I had waited the better part of four years for those four words, words that flowed off the doctor’s lips that day with such ease that the skeptic within me immediately doubted their veracity. “We found the answer.” I had been at Mayo Clinic for less than 24 hours, yet this man believed he had solved the riddle to my unending, unrelenting itching; itching that had left 16 doctors before him scratching their heads and offering best guesses and conjectures instead of solutions. Of course I wanted to believe him, but the multitude of past ineffective treatments left me guarded and reserved at any statements of surety. I leaned forward, saying nothing but waiting to hear what he had to say.
“The results of the CT scan just came back, and they found that you have a large mediastinal mass in the center of your chest. It’s most likely lymphoma.” Silence. Blank stare. I sat there like a stage player who had forgotten his lines. This was a situation I had not rehearsed. Cancer? I thought I had prepared myself for whatever the doctors could dish out to me, but somehow this contingency had never crossed my mind. “Would you like to take a look?” My ability to speak seemed all but gone, but I managed to nod my head and offer a hollow “Sure,” scooting my chair around to better see the computer screen.
As he clicked through the series of cross sections of my chest, he stopped somewhere above my heart and pointed. “See that blurry mass right there? That’s not supposed to be there.” He continued to click forward, bit by bit revealing the 13.3 centimeters of uninvited guest residing in the spaces surrounding my heart and lungs. I remained stolid in the unreality of it all. I didn’t feel the thing nearly the size of a grapefruit inside of me, so how could it really be there? Maybe it was some kind of mistake. It was just an image on a screen after all.

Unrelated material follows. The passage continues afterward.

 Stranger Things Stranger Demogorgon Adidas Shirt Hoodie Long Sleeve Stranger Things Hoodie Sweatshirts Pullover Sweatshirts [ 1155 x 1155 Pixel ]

“It’s okay to be upset,” I hear the doctor say. “Most people are upset when they get this kind of news.” I nearly apologize for my lack of reaction. I feel like I am doing the moment an injustice by not falling to my knees or at least squeezing out a few tears to indicate that I understand the weight of what I am being told.
“I’m not sure I know how to react,” I respond truthfully. I look at my mom sitting beside me; she puts a hand on my shoulder as the tears run down her face. After a few moments spent letting the shock dissipate, we ask how cancer can be the cause of chronic itching. The doctor explains that while the direct connection between the two is not precisely known, there is a well-documented association between itching and lymphoma. I’m amazed that this is the first time we have ever heard of this. In the dozens of appointments in which I had described my symptoms to well-trained medical professionals, never had cancer even been a consideration in their attempts to explain my condition.
“We’ll have to do a biopsy of the mass to determine for sure what kind of cancer this is, but I feel 90% sure that we’re looking at Hodgkin’s Lymphoma.” The doctor assures us that of all the cancers to get, this is the one you want. A morbidly humorous image forms in my mind of strolling down an isle of cancers, a salesman pointing to Hodgkin’s with a reassuring wink, This is the one you want, kid. At least I had the sense to get the right brand of cancer.

Knowing we could not move forward until the biopsy was taken and the results analyzed, we walked out of room 41A, grateful we finally had our answer, terrified by what the answer meant.